Give the records below again, word for word. No pictures belong in the copy.

Records drawn from a dataset
§ §
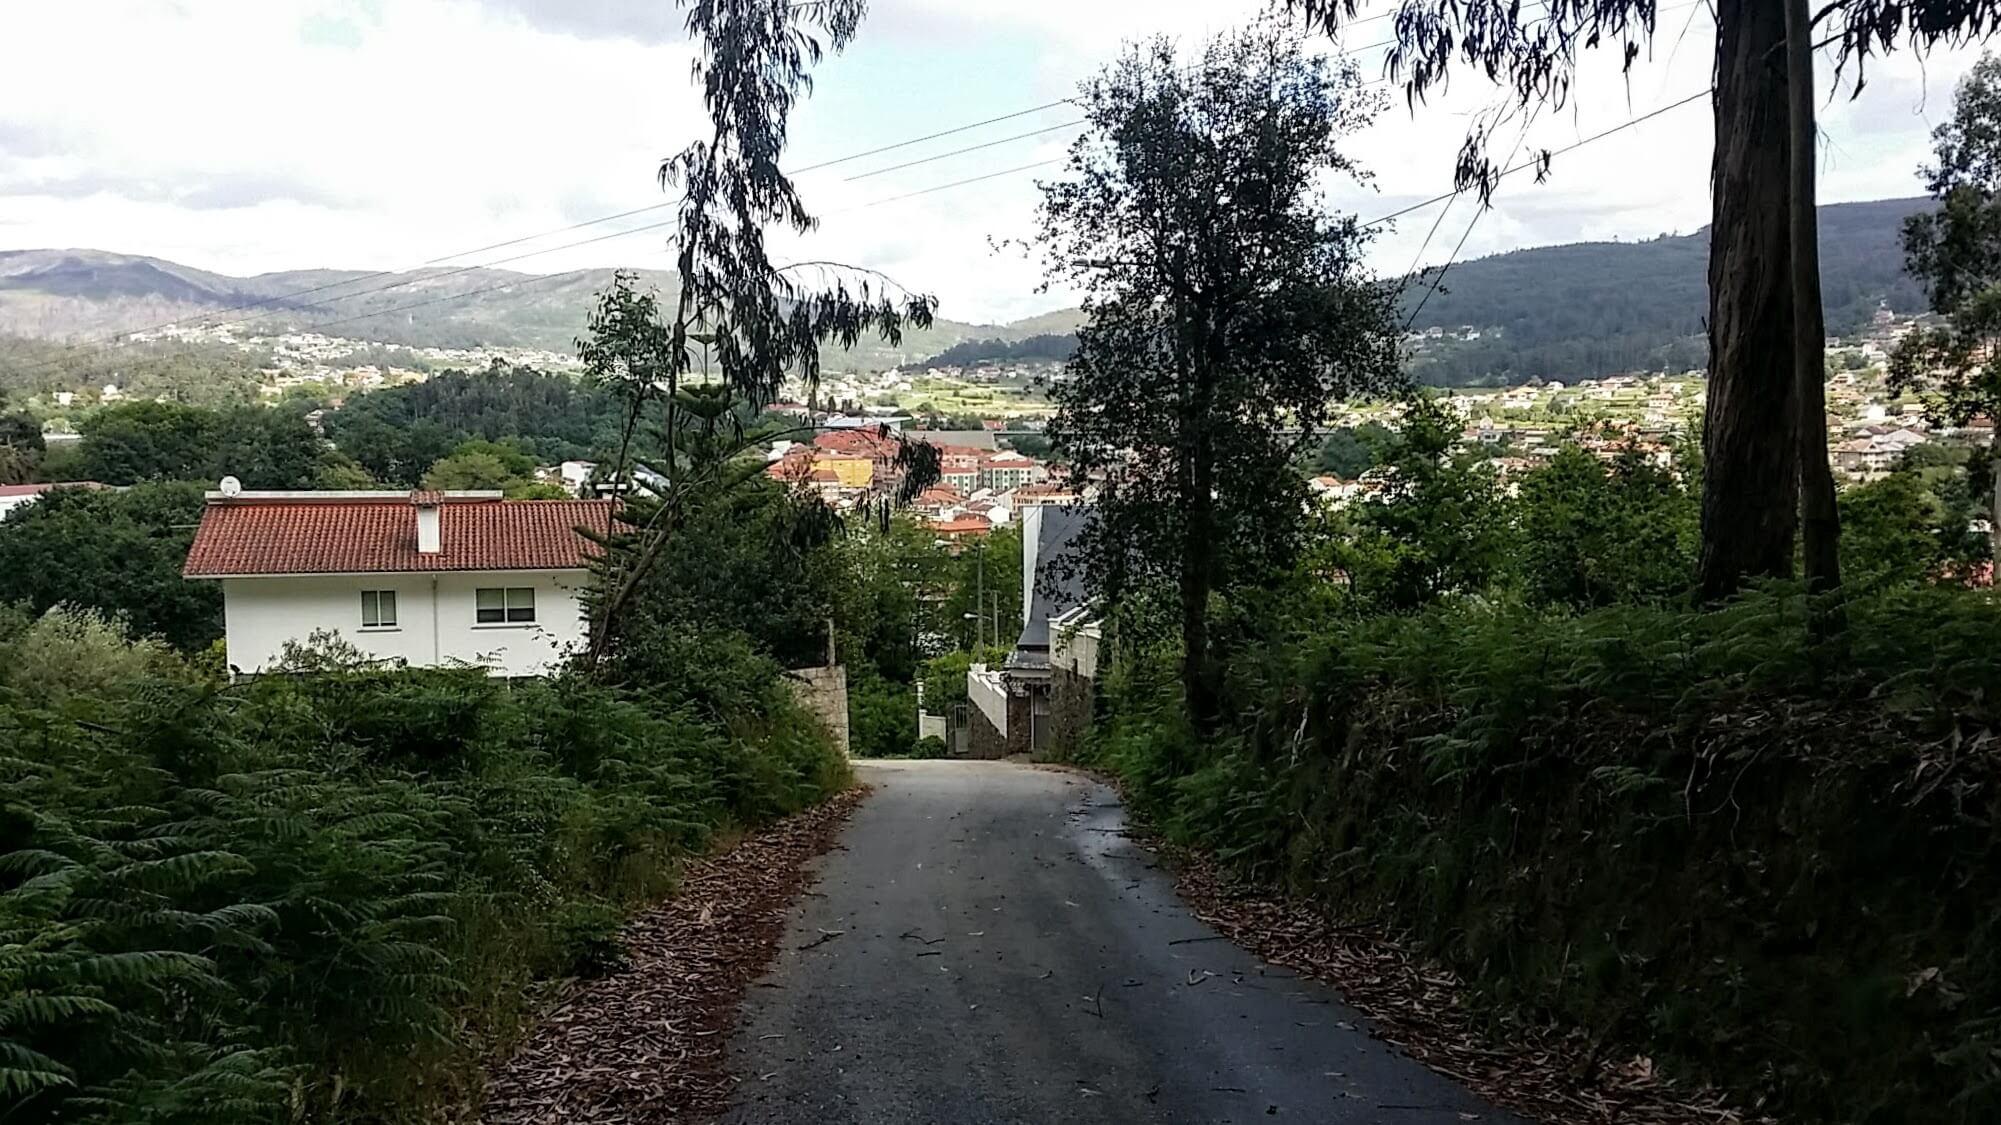 The narrow Camiño das Cardosas into Redondela on day twenty-one of the Camino Portugués
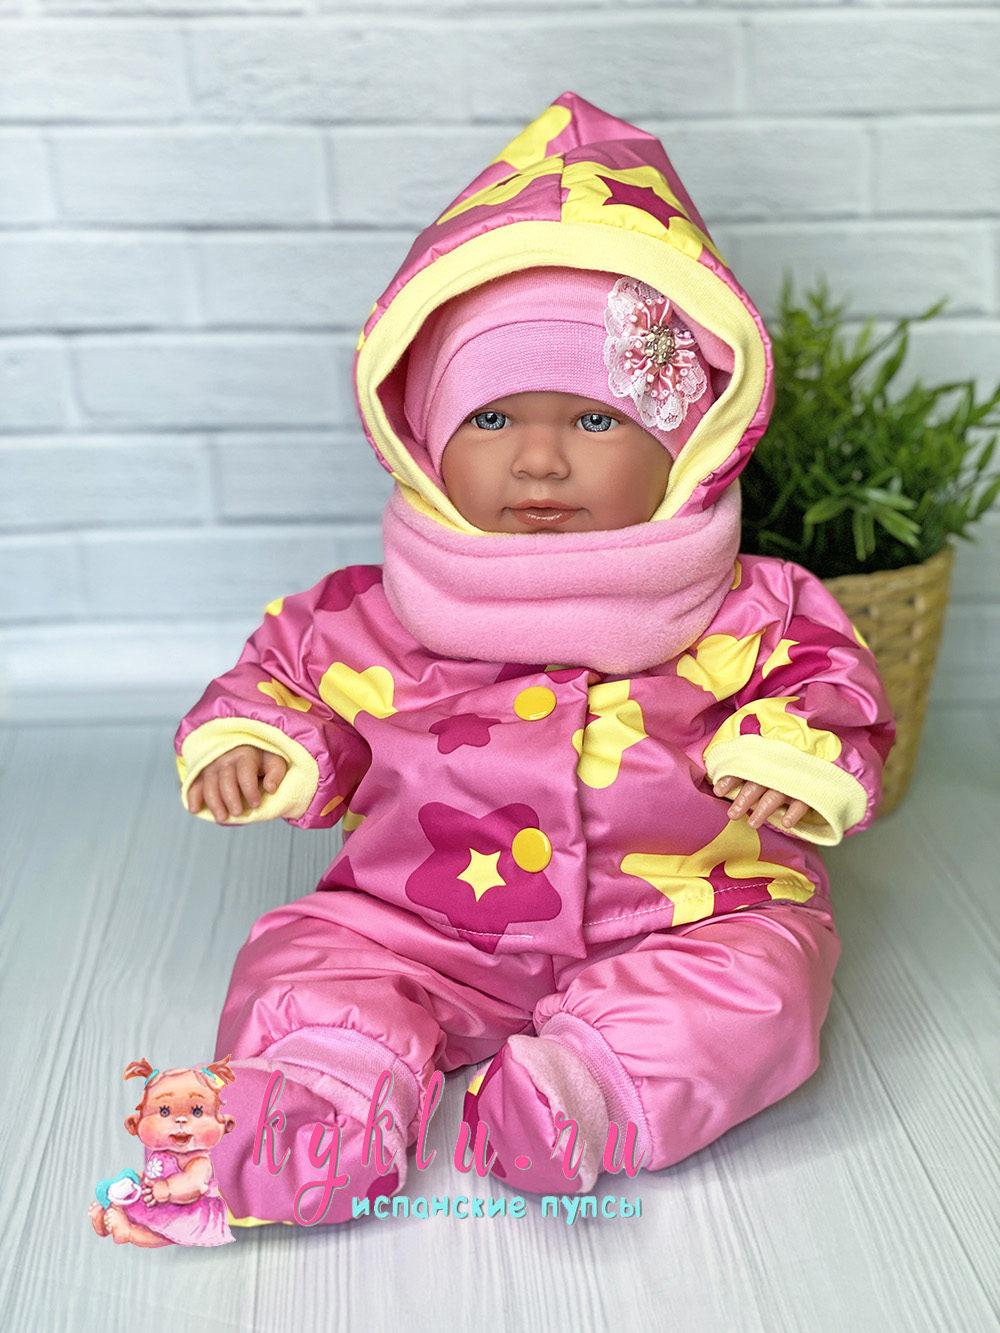 Теплый костюм для куклы розовый
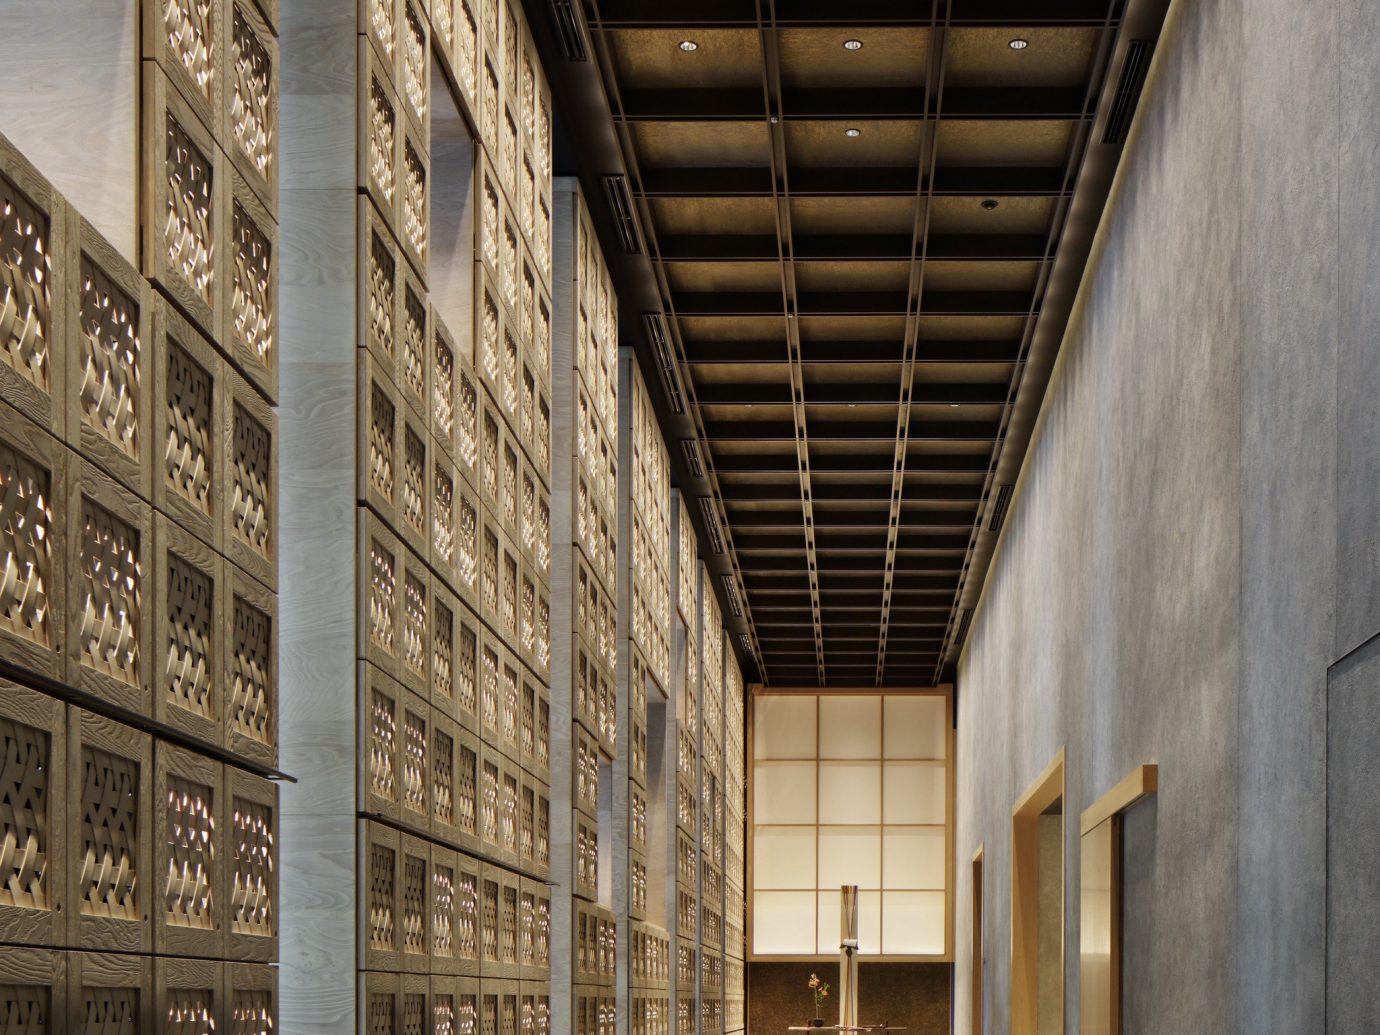 Trip Ideas building Architecture floor interior design hall daylighting facade estate wood tourist attraction Design symmetry flooring professional ceiling
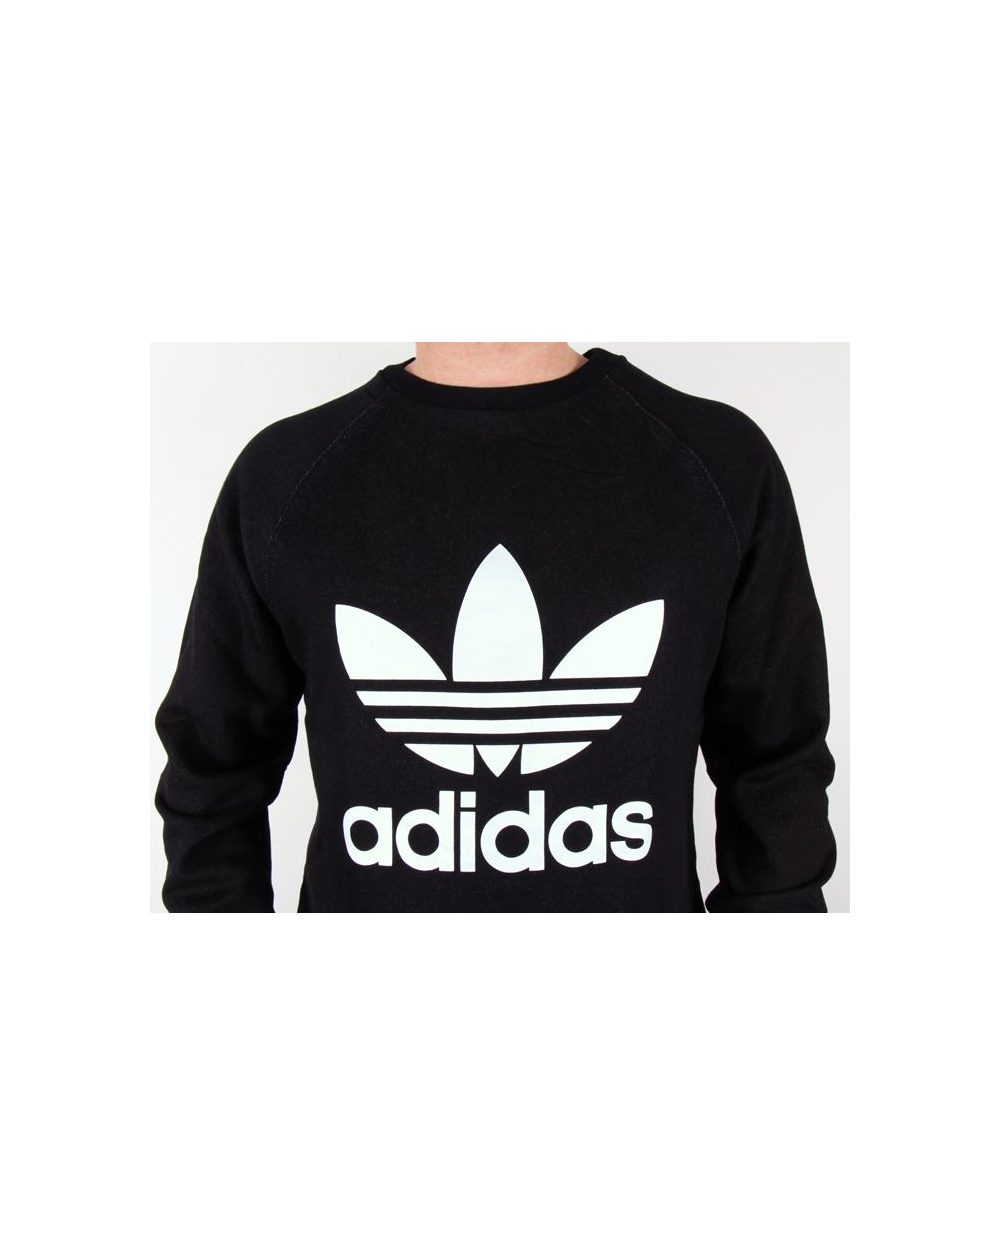 Adidas Sweatshirt Black And White
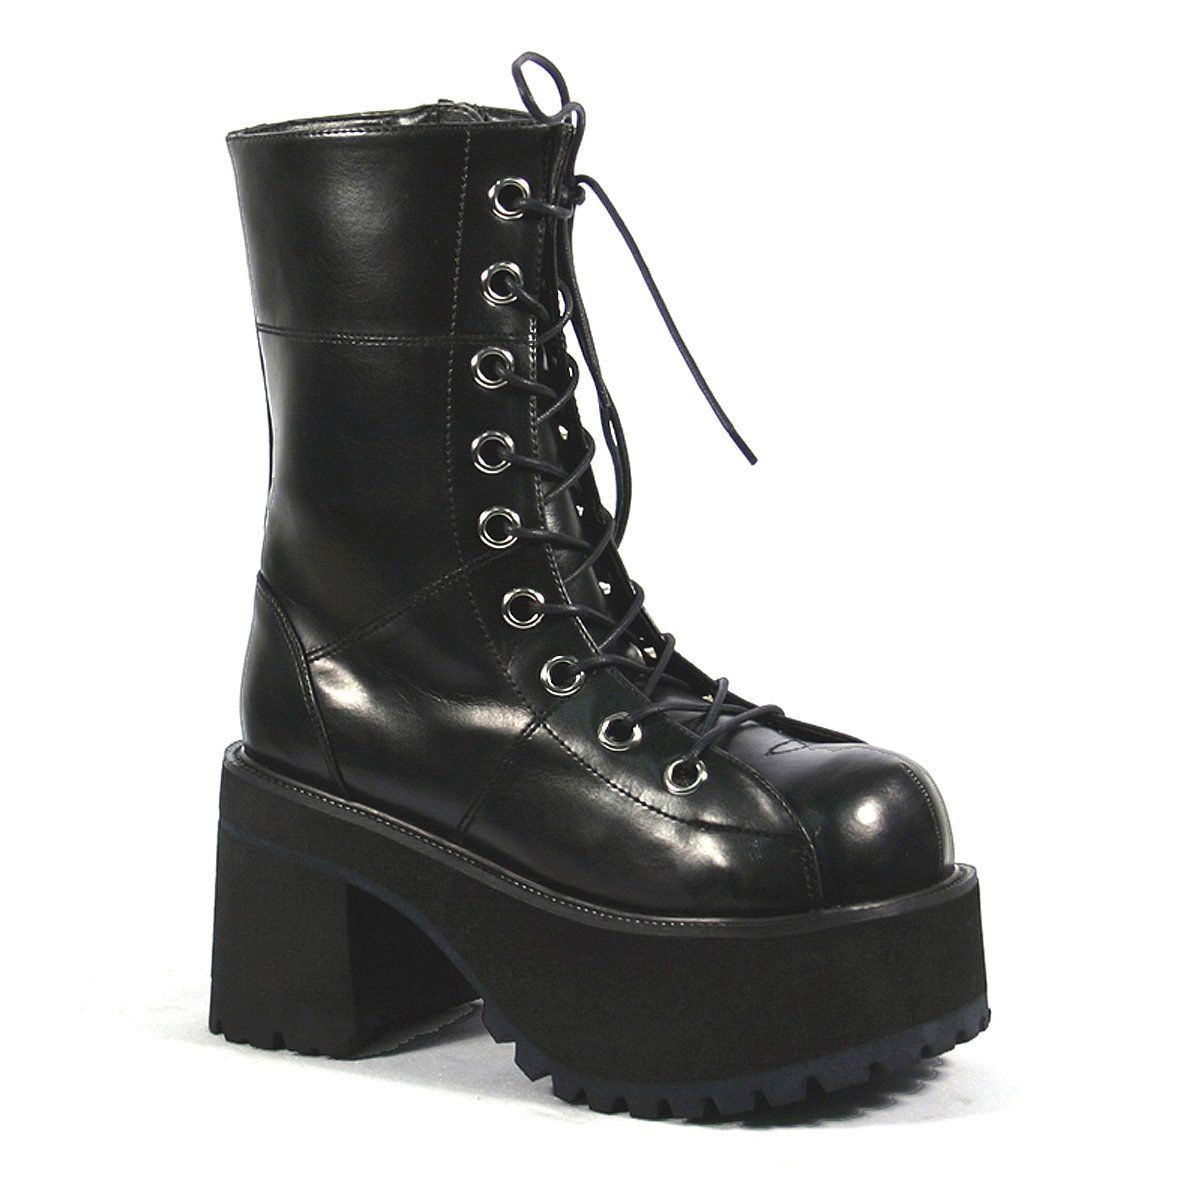 Platform Ankle Boots Black Lace Up
§ §
• OUTPUT FOR THIS TASK
 The narrow Camiño das Cardosas into Redondela on day twenty-one of the Camino Portugués
 Теплый костюм для куклы розовый
 Trip Ideas building Architecture floor interior design hall daylighting facade estate wood tourist attraction Design symmetry flooring professional ceiling
 Adidas Sweatshirt Black And White
 Platform Ankle Boots Black Lace Up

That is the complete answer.